### WORK ORDER
Would you print the lines below exactly, beginning at the line that has "Malvorlage - Ein" and stopping after the line that has "Spoon holder 抹茶绿刀叉陶瓷勺垫 厨房用厨具锅铲垫细节图"? Only those lines, and no pictures.

### THE INPUT
= = = = =
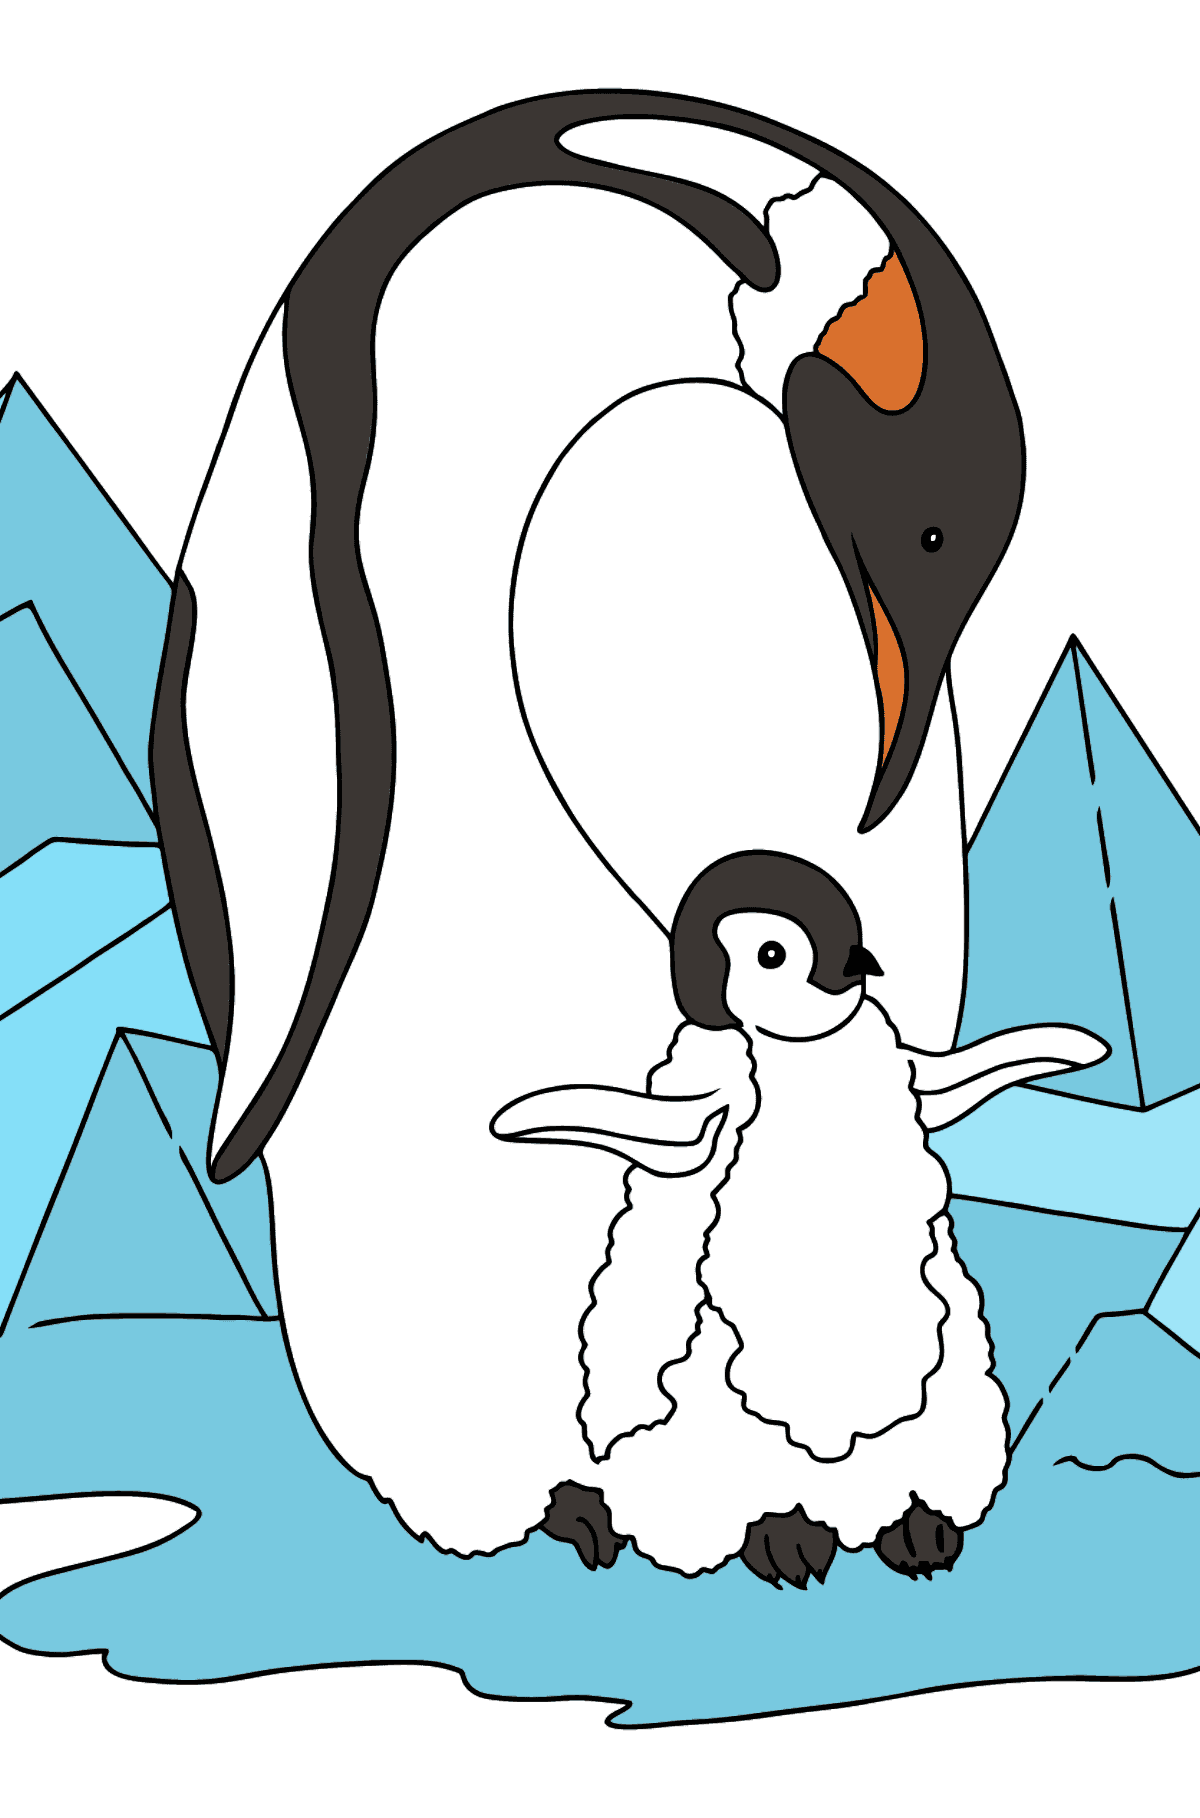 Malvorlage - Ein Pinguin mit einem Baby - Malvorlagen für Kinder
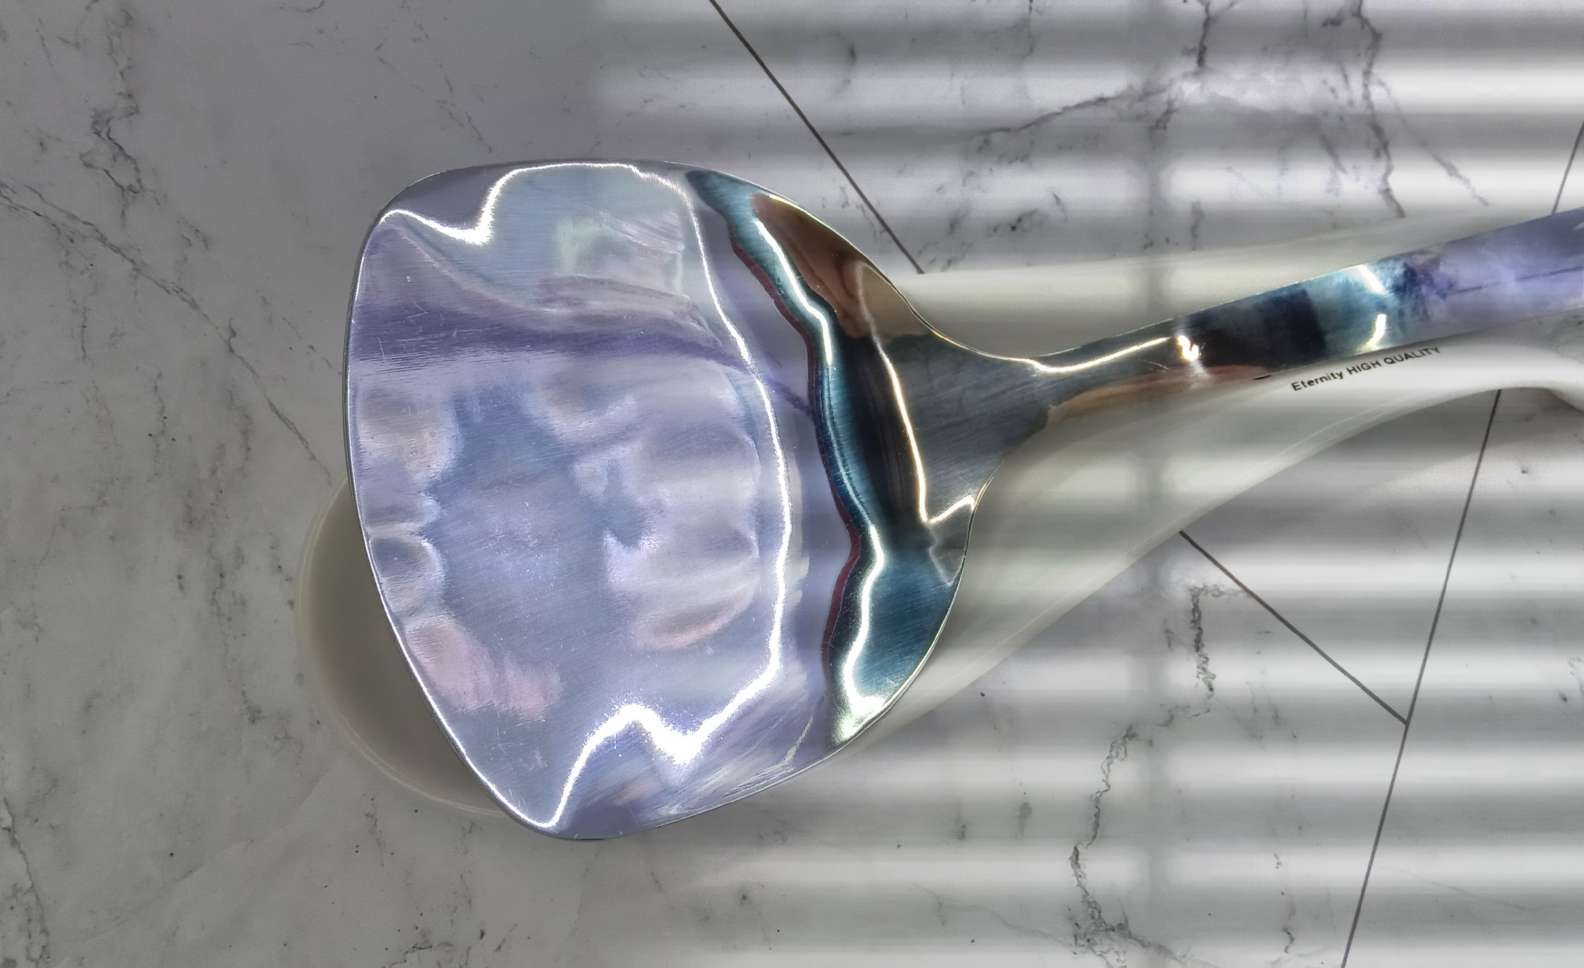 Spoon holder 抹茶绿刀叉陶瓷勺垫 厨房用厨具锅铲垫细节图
= = = = =
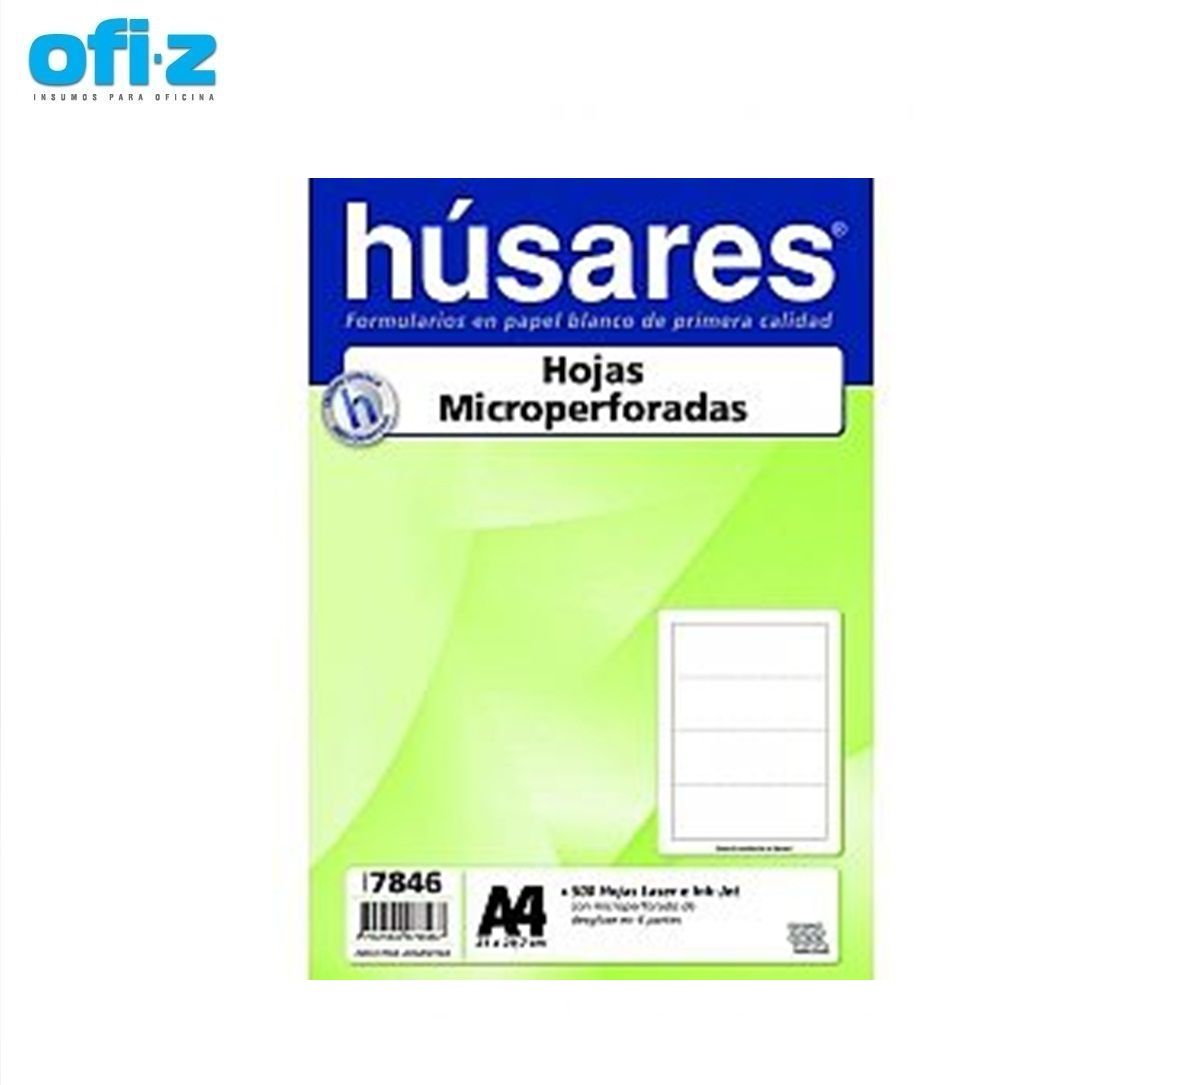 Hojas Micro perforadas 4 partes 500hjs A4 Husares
= = = = =
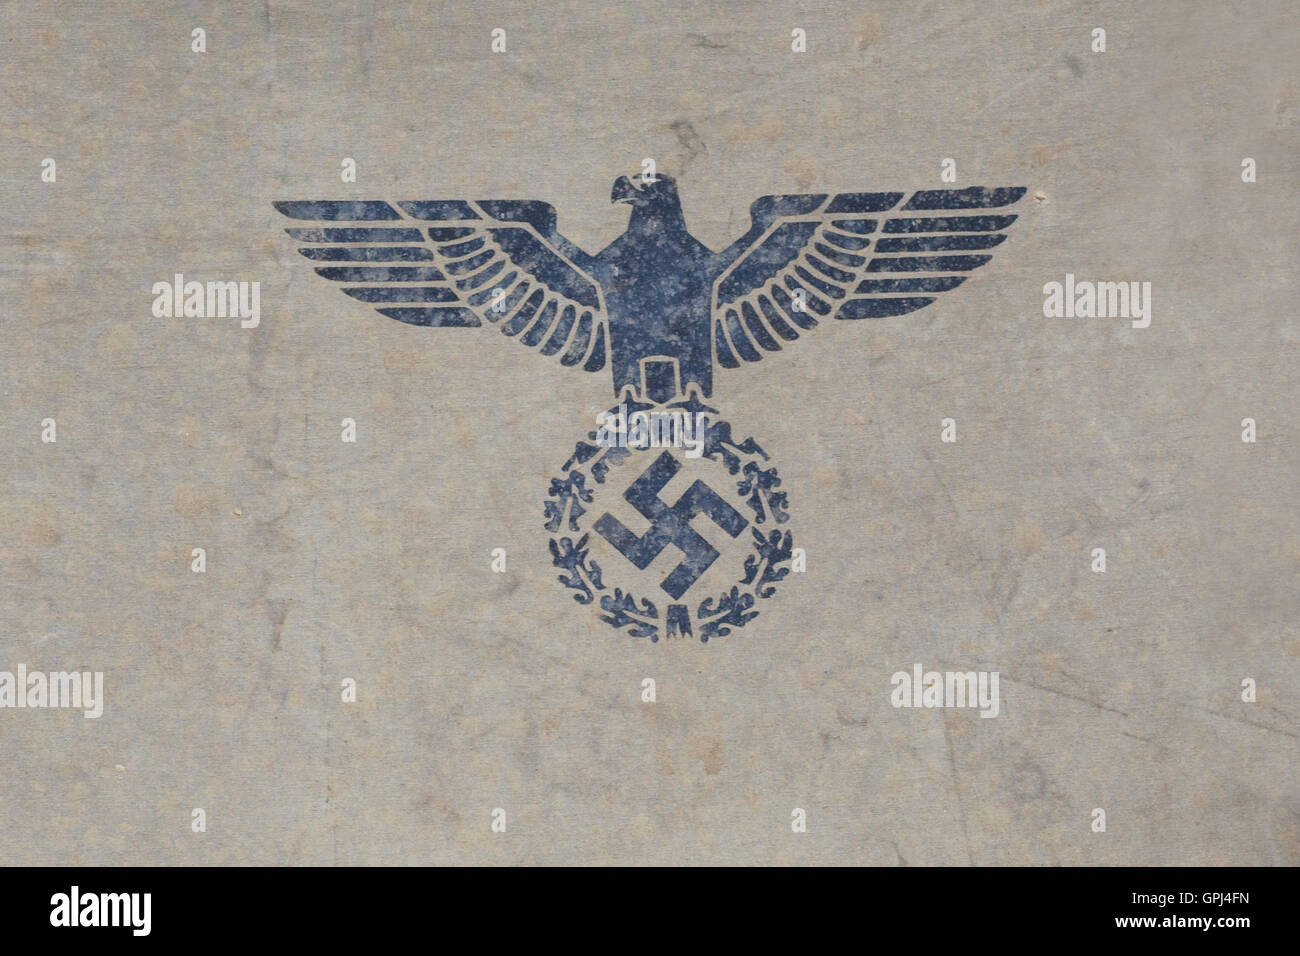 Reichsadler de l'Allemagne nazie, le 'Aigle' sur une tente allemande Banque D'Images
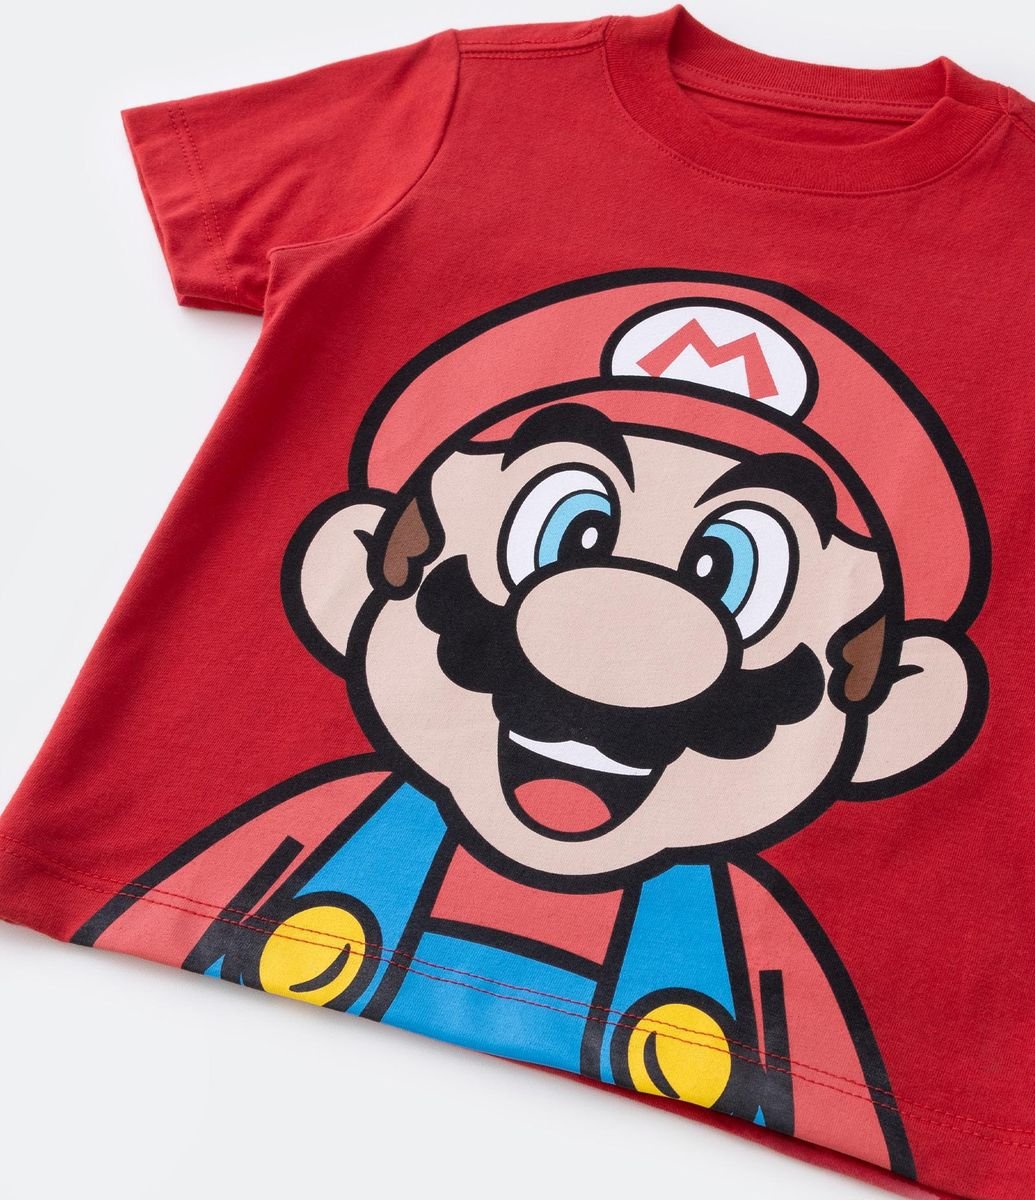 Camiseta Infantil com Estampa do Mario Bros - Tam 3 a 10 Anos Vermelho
= = = = =
### RESPONSE TO THE EXERCISE
 Malvorlage - Ein Pinguin mit einem Baby - Malvorlagen für Kinder
 Spoon holder 抹茶绿刀叉陶瓷勺垫 厨房用厨具锅铲垫细节图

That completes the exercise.